I would expect nothing less!

That would also explain the etching of Bill Dance in the one rock.. .


----------



## ron keller (Feb 9, 2010)

Yes, the cemetary is on a mound on Dunham Rd at the top of the hill coming up from the Astrohurst, It is on the east side of dunham Rd. There were headstones for the Geasons who were buried ther. It is now part of metro park. This south of tinkers creek gorge.


----------



## ApeShip (Apr 17, 2006)

*An occult playground??* What the heck is an occult playground? A set of monkey bars and a teeter totter with black candles?

That's hilarious! I just gambled and lost!!!!


----------



## FlashMan2702 (Jun 2, 2006)

Am I the only one still lost and confused?? 

What the heck is an occult to start? After that I may be caught up a little bit... oh and wheres the link to that reading, if you don't mind me asking.


----------



## puterdude (Jan 27, 2006)

Quite a find indeed.It is a spiritual circle for wicca ceremonies.The pointed stonehedge is for the High Printiss or Priest.They like to use a protected ,secluded area in which ritual work takes place,It signifies a boundary of a sphere of personal power for ceremonial magicians and others.Their rituals are performed in these magical circles.They also could have a seance there where all the attendees form a circle during the ceremony. I ,myself would respect the area and not mess with it.It's hard to understand them but is a form of religion for them.I wouldn't share the location for fear of vandalism.give em some space.Just my opinion.


----------



## Agent47 (Jun 27, 2006)

puterdude said:


> Quite a find indeed.It is a spiritual circle for wicca ceremonies.The pointed stonehedge is for the High Printiss or Priest.They like to use a protected ,secluded area in which ritual work takes place,It signifies a boundary of a sphere of personal power for ceremonial magicians and others.Their rituals are performed in these magical circles.They also could have a seance there where all the attendees form a circle during the ceremony. I ,myself would respect the area and not mess with it.It's hard to understand them but is a form of religion for them.I wouldn't share the location for fear of vandalism.give em some space.Just my opinion.

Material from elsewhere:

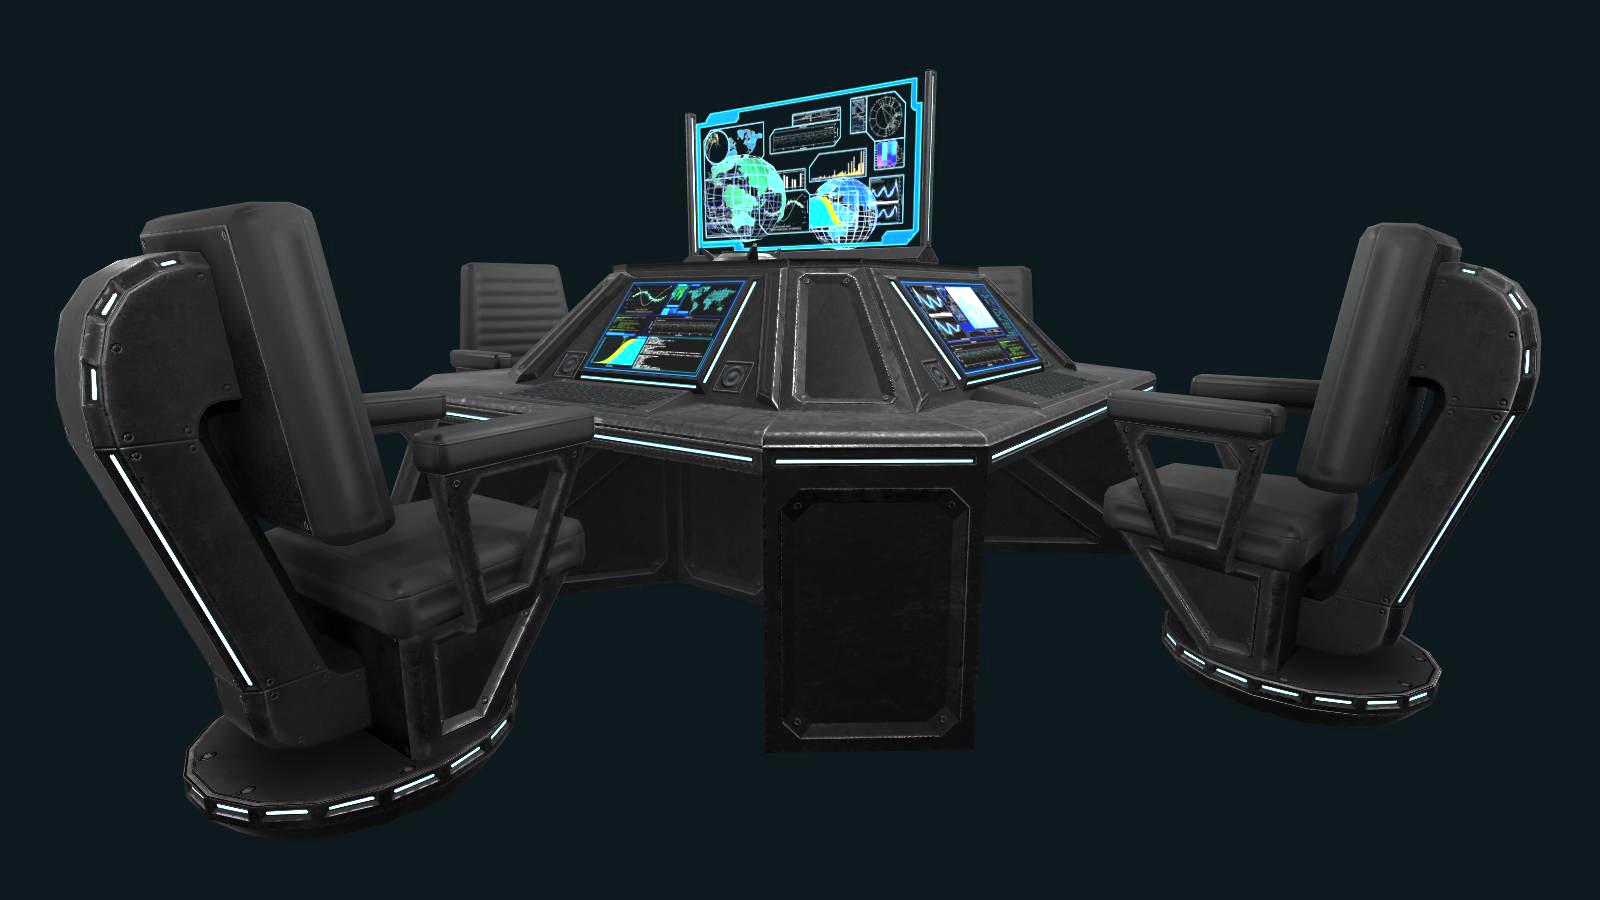 Sci-fi Communications Center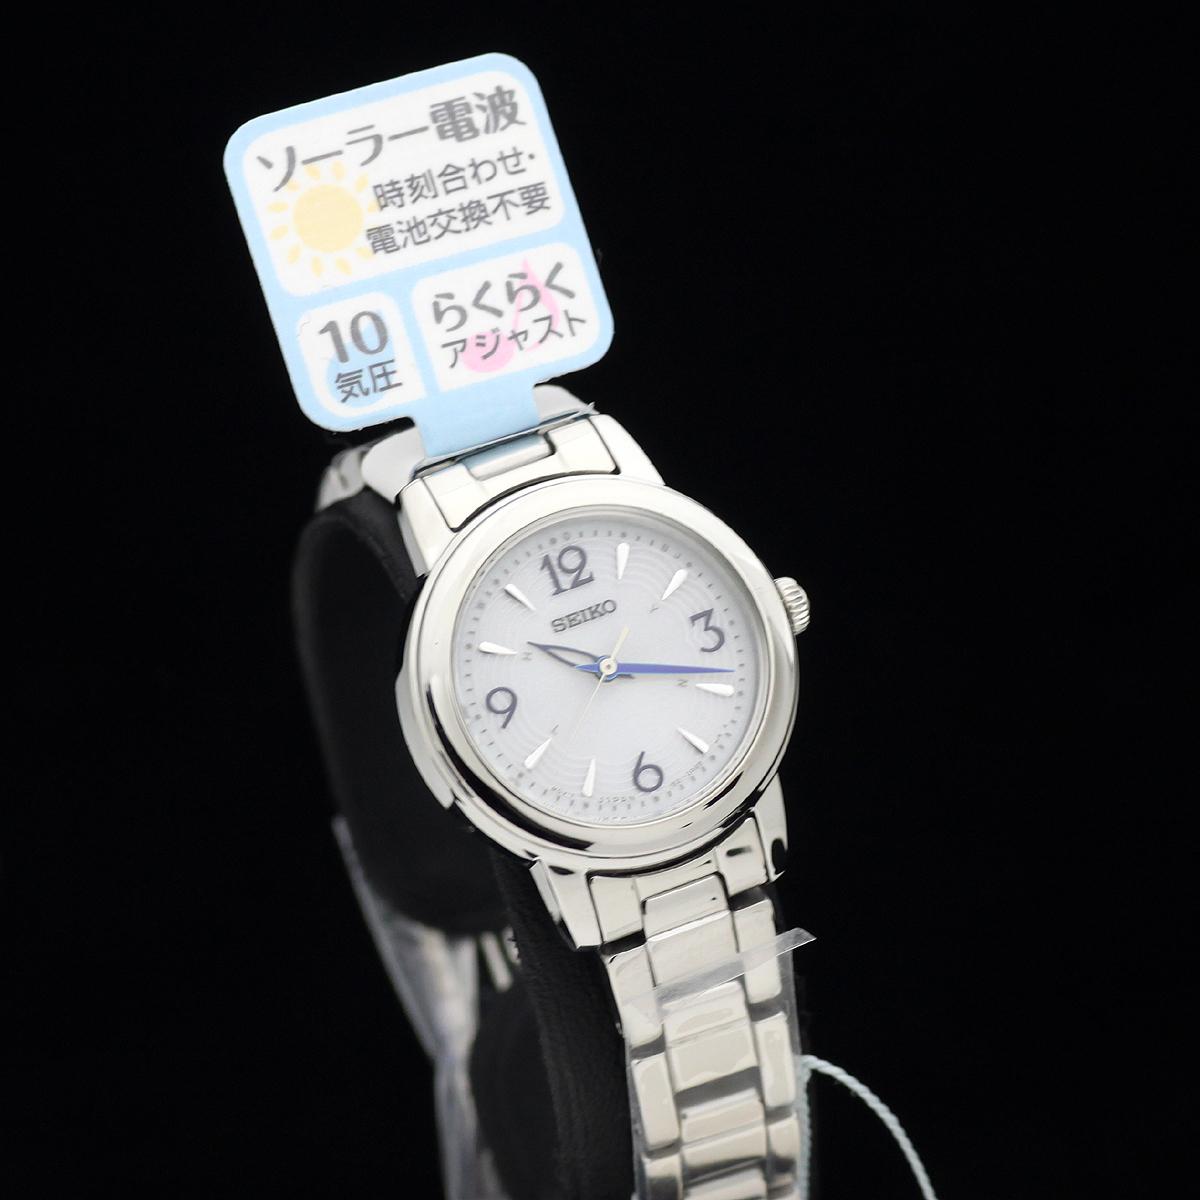 1eeda7fbe9 代購代標第一品牌 - 樂淘letao - 未使用品 SEIKO セイコー ティセ TISSE SWFH015 1B21 電波ソーラー SS 箱工具

Correct Puter.. its wicken and pagen.. also to worship a entity known as Dagda B.

I had a friend who is heavily involved.. showed me :0)


----------



## lakota (Oct 28, 2009)

Is this in the "Hell Town" area of the CVNP?

Some of those legends concerning that area sound a little absurd.


----------



## BIGDADDYDB (Jul 1, 2006)

I know I would have been pretty stoked if I found that wandering around in the woods!


----------



## danishmaggot (Jul 16, 2008)

My wife, which practices the Wiccan religion, says that it's most likely some sort of praying circle for a local coven.

Really nicely made too.


----------



## mitch2106 (May 2, 2010)

i have seen something weird like this deep in the woods at mogadore east of congress lake road. a bunch of stones around for sitting and some weird big thing made of big limbs in the middle, found it odd and kinda creepy


----------



## CraigJC (Jun 26, 2007)

Please give the location and/or directions. I'm planning my first visit to Terra Vista cemetery this summer and would like to include this site in my trip. My trip is purely based on history and curiosity, and the photos have surely peaked my curiosity.


----------



## creekcrawler (Oct 5, 2004)

Sorry Craig, can't post any directions.
About the only way you could find this anyhow, would be if I led you there.

As Puterdude said -


> give em some space -- It's hard to understand them but is a form of religion for them


_Blessed be._


----------



## Diehardfisher (Mar 13, 2010)

www.deadohio.com there's some info on the place


----------



## CraigJC (Jun 26, 2007)

Diehardfisher, thanks for the link. Pretty familiar with this site, but to find the info you pretty much need to know what the place is called. So, what is this place called??


----------



## anglerNpurgatory (Jun 17, 2010)

Well, that's one way to keep people from stealing your chairs.


----------



## FlashMan2702 (Jun 2, 2006)

Diehardfisher said:


> www.deadohio.com there's some info on the place


WHERE At furher more on the link? I checked "local oddities" and "haunted places" and could have overlooked it, but I havent seen anything.


----------



## Big Dev (May 14, 2009)

I Say We Get A Few Cases Of Beer And Dress Up Like Quakers And Amish And Chase Them Around In The Woods,That Would Be Fun!


----------